• More personal liabilities for directors

• 'Special measures' proposed for large businesses which persistently undertake aggressive tax planning

HMRC plans to force all large companies to publish the details of their tax strategy including their appetite for tax planning and their approach to dealings with HMRC, says Pinsent Masons, the international law firm.

A Board member must be nominated to take personal responsibility for publishing the strategy.  Businesses which fail to publish a strategy could face a penalty.  Pinsent Masons say the proposals suggest this would be penalty levied personally against the nominated Board Member.

The consultation document from HMRC also proposes that large businesses which demonstrate a lack of transparency and cooperation with HMRC which engage in persistent and aggressive tax planning could be put into a “special measures” regime.
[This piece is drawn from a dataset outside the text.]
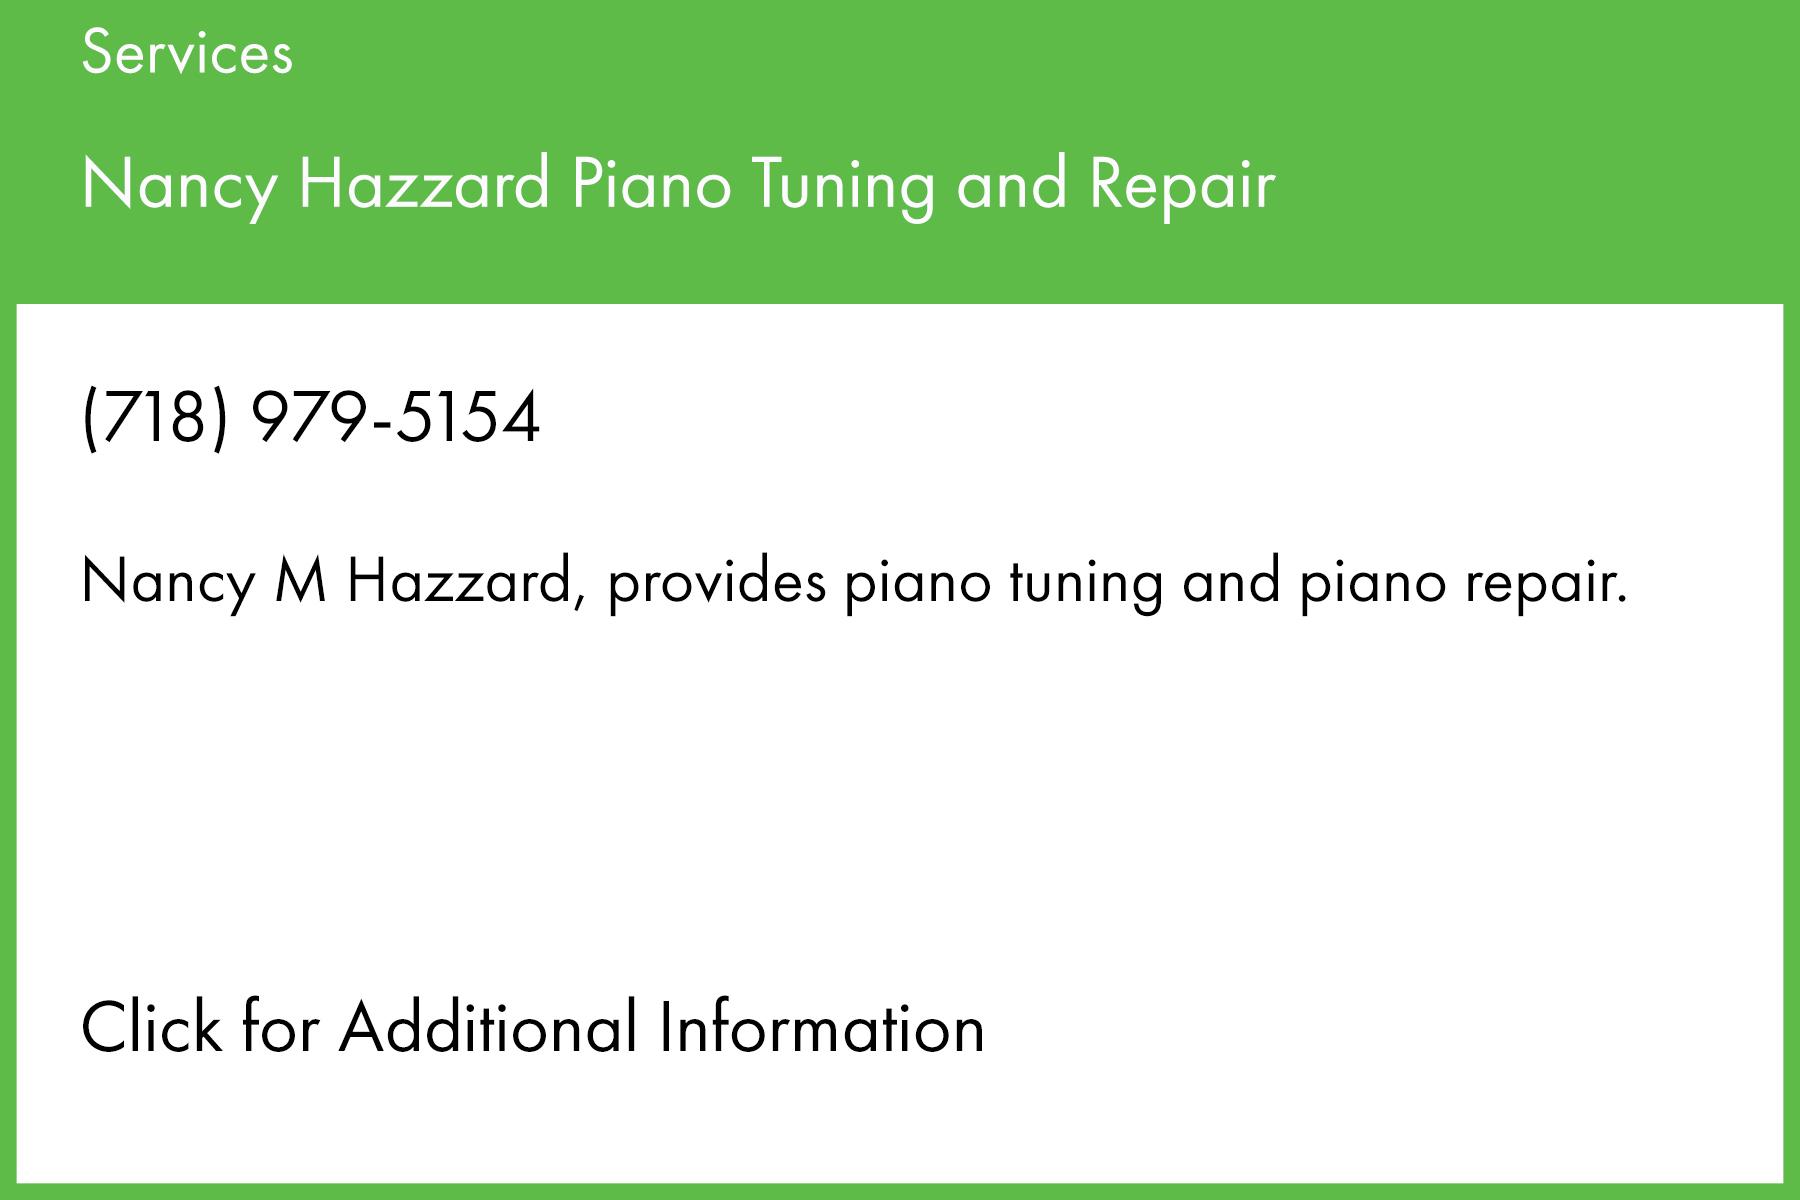 Resource Directory - Nancy Hazzard Piano Tuning and Repair.jpg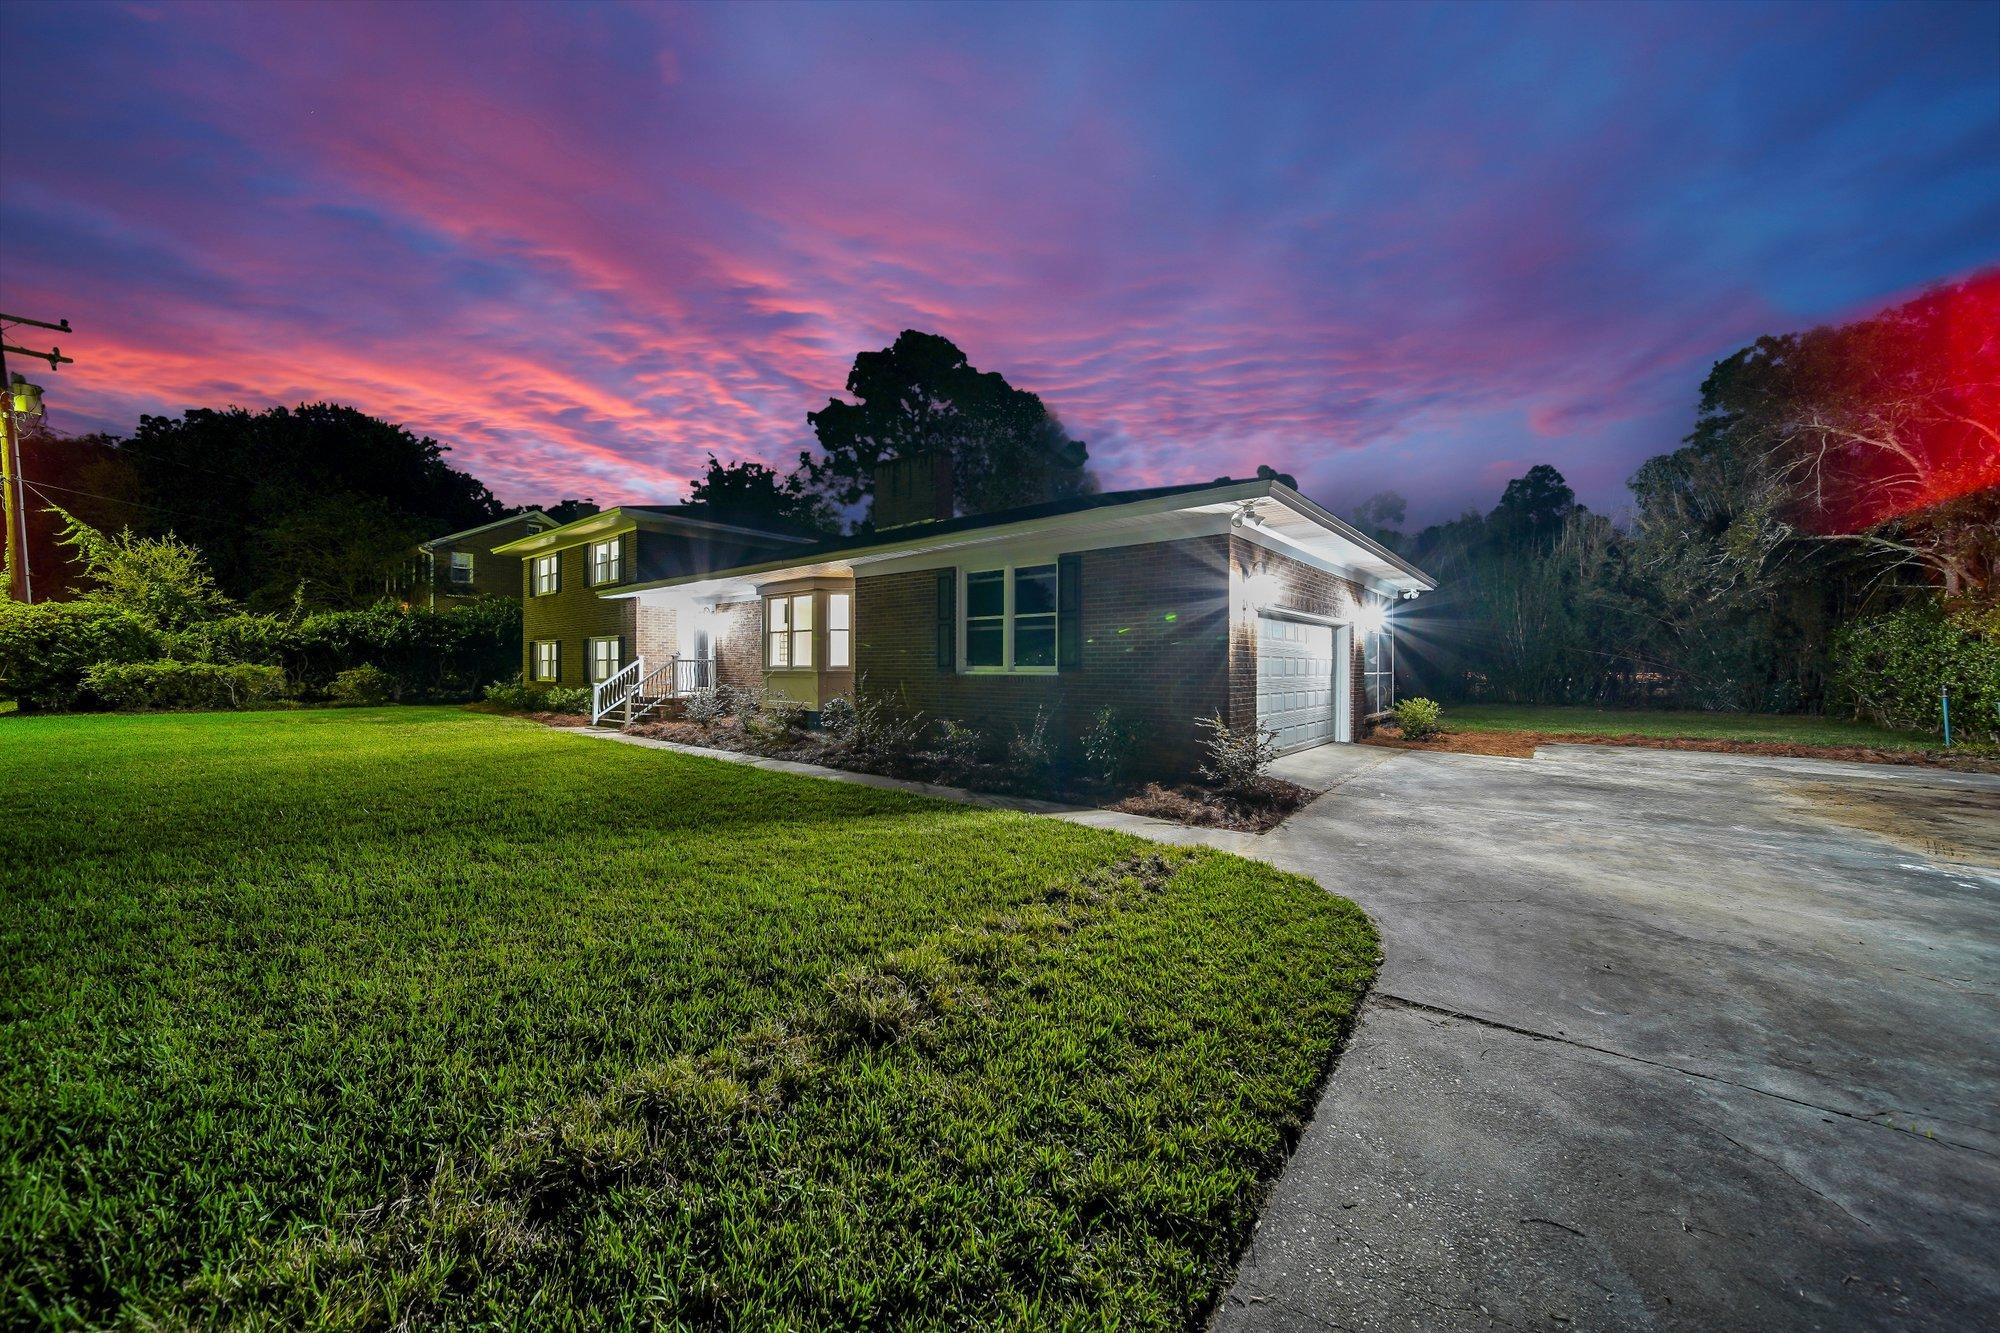 Country Club II Homes For Sale - 1477 Burningtree, Charleston, SC - 1

The special measures regime proposed would:

• Allow HMRC to “name and shame” them publicly

• Increase reporting and disclosure requirements between HMRC and the business

• Allow HMRC to withdraw or limit the extent to which non-statutory clearances will be given to the business

Jason Collins, Head of Tax at Pinsent Masons comments:

Forcing businesses to publicise their tax strategy will add to the compliance burdens for low risk businesses while probably not changing the behaviour of those at the top of the risk spectrum.

Taxes 3Directors will also be concerned that this is adding to their personal liabilities.

The special measures regime is a stick affecting the minority, which most will consider reasonable. But the carrot of faster working for the majority who are compliant – both large and small businesses – also needs to be available."

Factors influencing whether the business is seen as presenting a significant risk could include the number of times the business has used tax avoidance schemes and the nature of those schemes, or the extent to which the business has failed to co-operate with HMRC enquiries without formal powers having to be invoked, according to the consultation document.

Following a 12 month 'initial notice period' businesses which do not demonstrate "a significant improvement in behaviours" would receive a final warning that any further instances of non-collaborative behaviour would lead to special measures.

The government intends the package of measures should apply to businesses administered by HMRC’s Large Business Directorate with a turnover of more than £200 million and/or a relevant balance sheet total of more than £2 billion for the preceding financial year.

Jason Collins said "Most businesses are transparent, and an increasing number are publishing their tax strategy – around 50 of the FTSE 100 in most recent survey. But compelling them to publish is a departure."

In a further measure, HMRC intends to introduce a “voluntary” code of practice on taxation for large business. The Government intends this to be a "common set of principles to encourage all businesses to adopt the most positive tax compliance behaviours, and which businesses themselves can use to promote exemplary behaviours across their organisation".

It will also offer large businesses a means to demonstrate their commitment to these standards and have that recognised.

Jason Collins said that the proposed code of conduct is very similar to the principles published by the Confederation of British Industry (CBI) two years ago.

He also said; “A voluntary code of conduct is sensible.  However, this does not look like a voluntary code as the suggestion is that under the publication of the business’s tax strategy they will have to disclose whether or not they are signatories to this code."

Significant changes based on low number of interviews

HMRC said that its research has found that “businesses with a greater appetite for risk tend[ed] not to have written (or published) tax strategies, while those with lower risk-appetite tended to have more formalised strategies.

Heather Self, Tax Partner at Pinsent Masons, described HMRC's recent research into large corporate behaviour as "rather thin – qualitative research, based on only 35 interviews".  She said that although the research showed that businesses which published their tax strategy tended to be low risk, "the converse cannot be assumed" as "correlation is not the same as causality".

"Will it really make a difference to behaviours if businesses need to publish their strategy?  Or is it just another compliance requirement for the compliant majority?" Self said.